Data shown

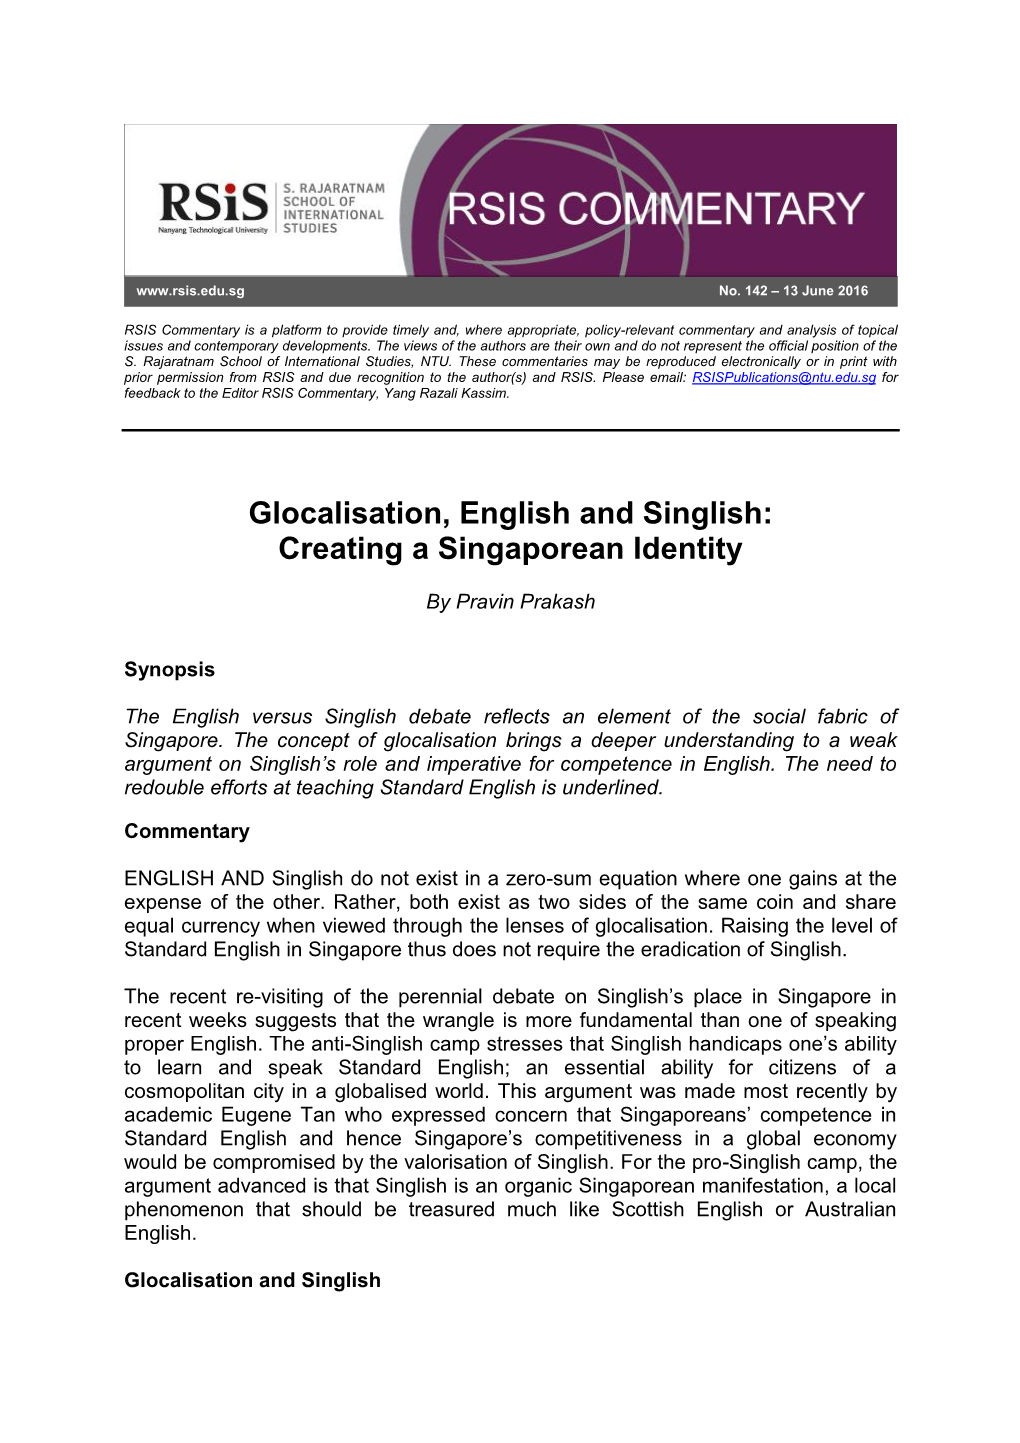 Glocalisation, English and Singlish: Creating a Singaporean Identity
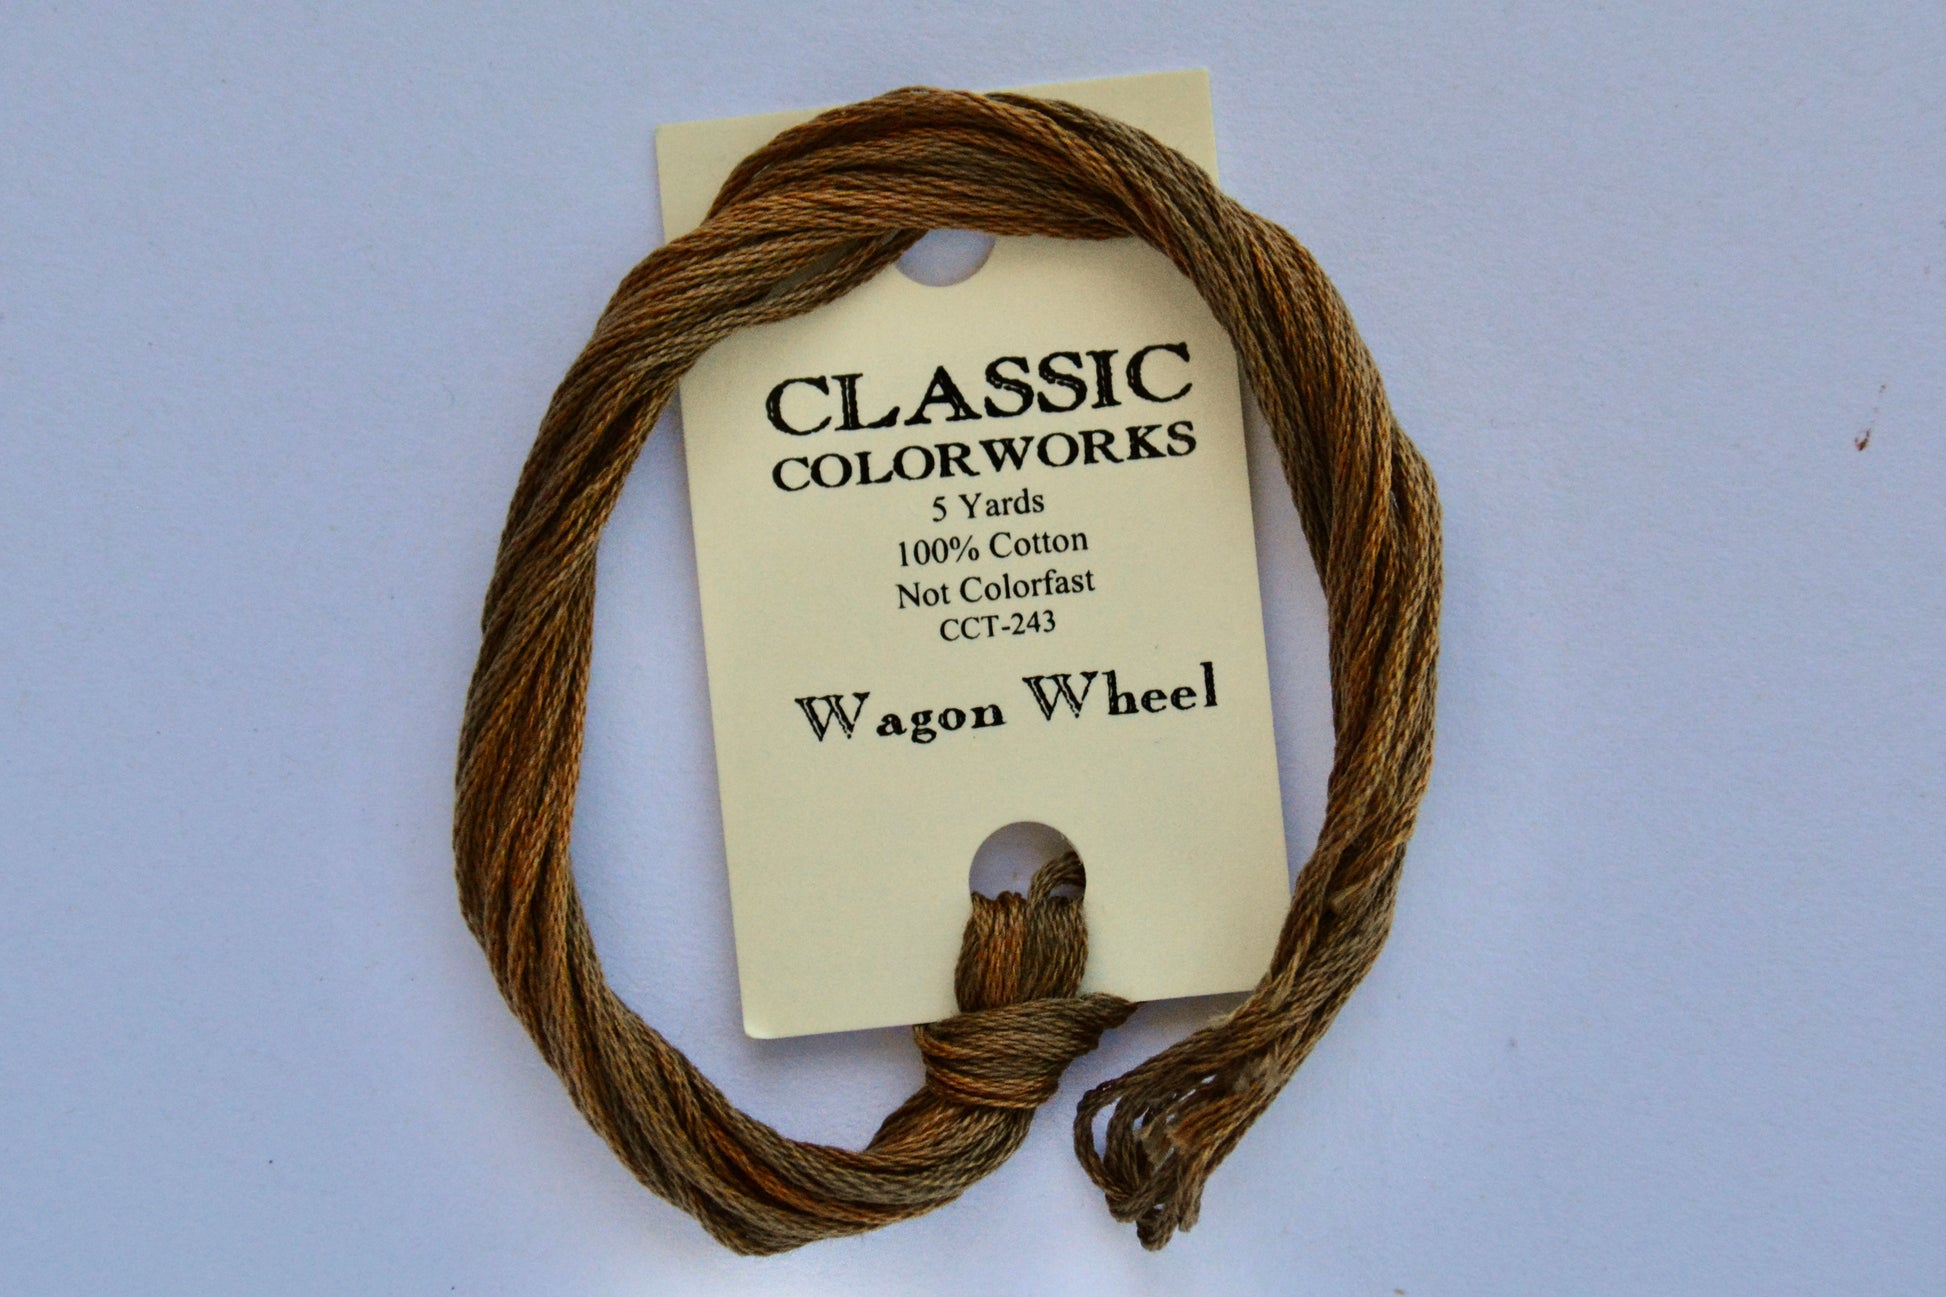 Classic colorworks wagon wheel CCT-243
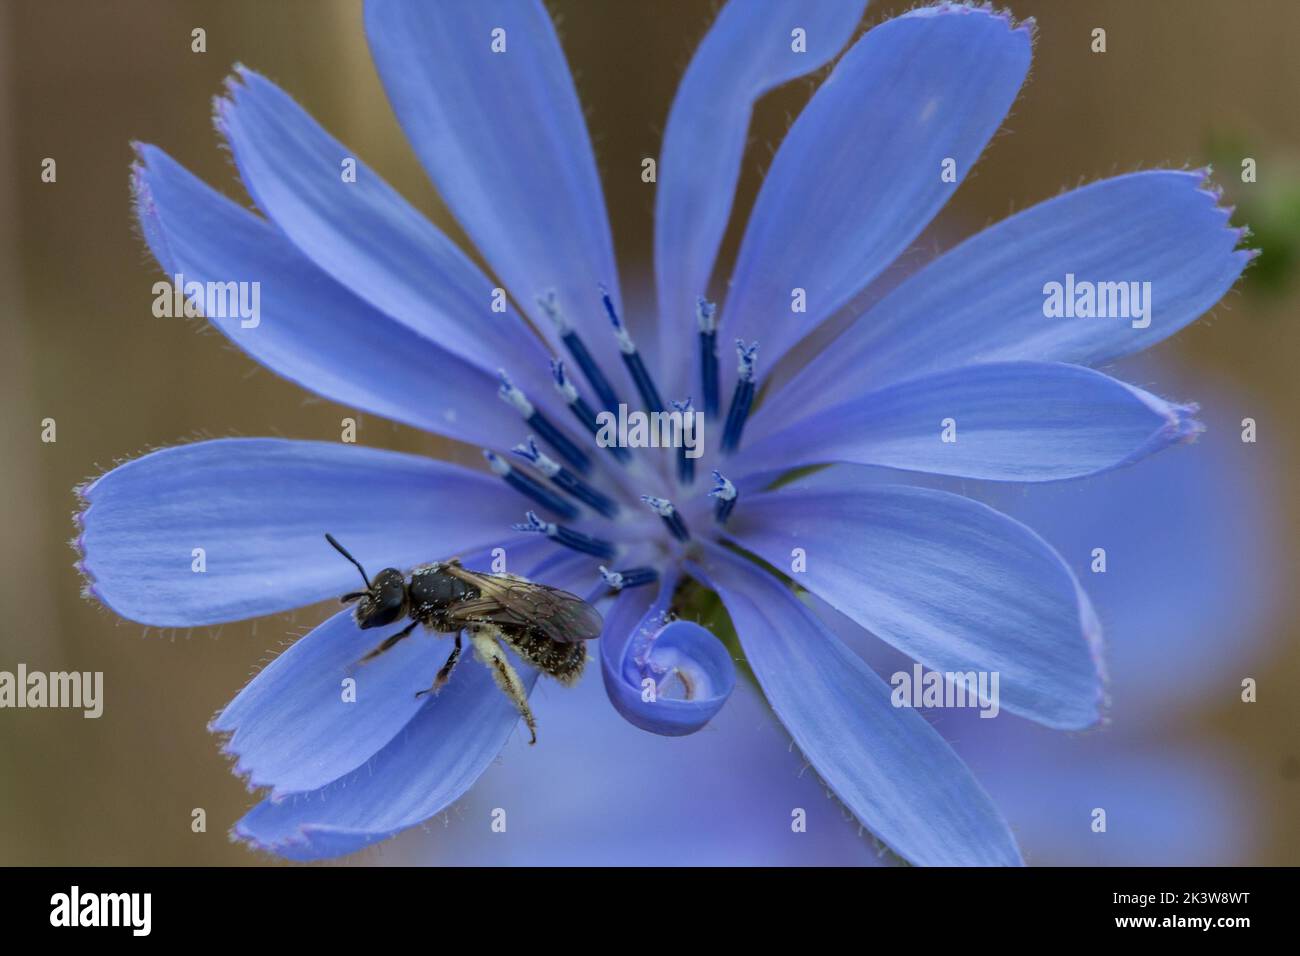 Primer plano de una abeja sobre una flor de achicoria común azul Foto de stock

The problem
When you reproduce the material, keep every word exact and leave each picture out.

Solution to this task
 Glocalisation, English and Singlish: Creating a Singaporean Identity
 Classic colorworks wagon wheel CCT-243
 Primer plano de una abeja sobre una flor de achicoria común azul Foto de stock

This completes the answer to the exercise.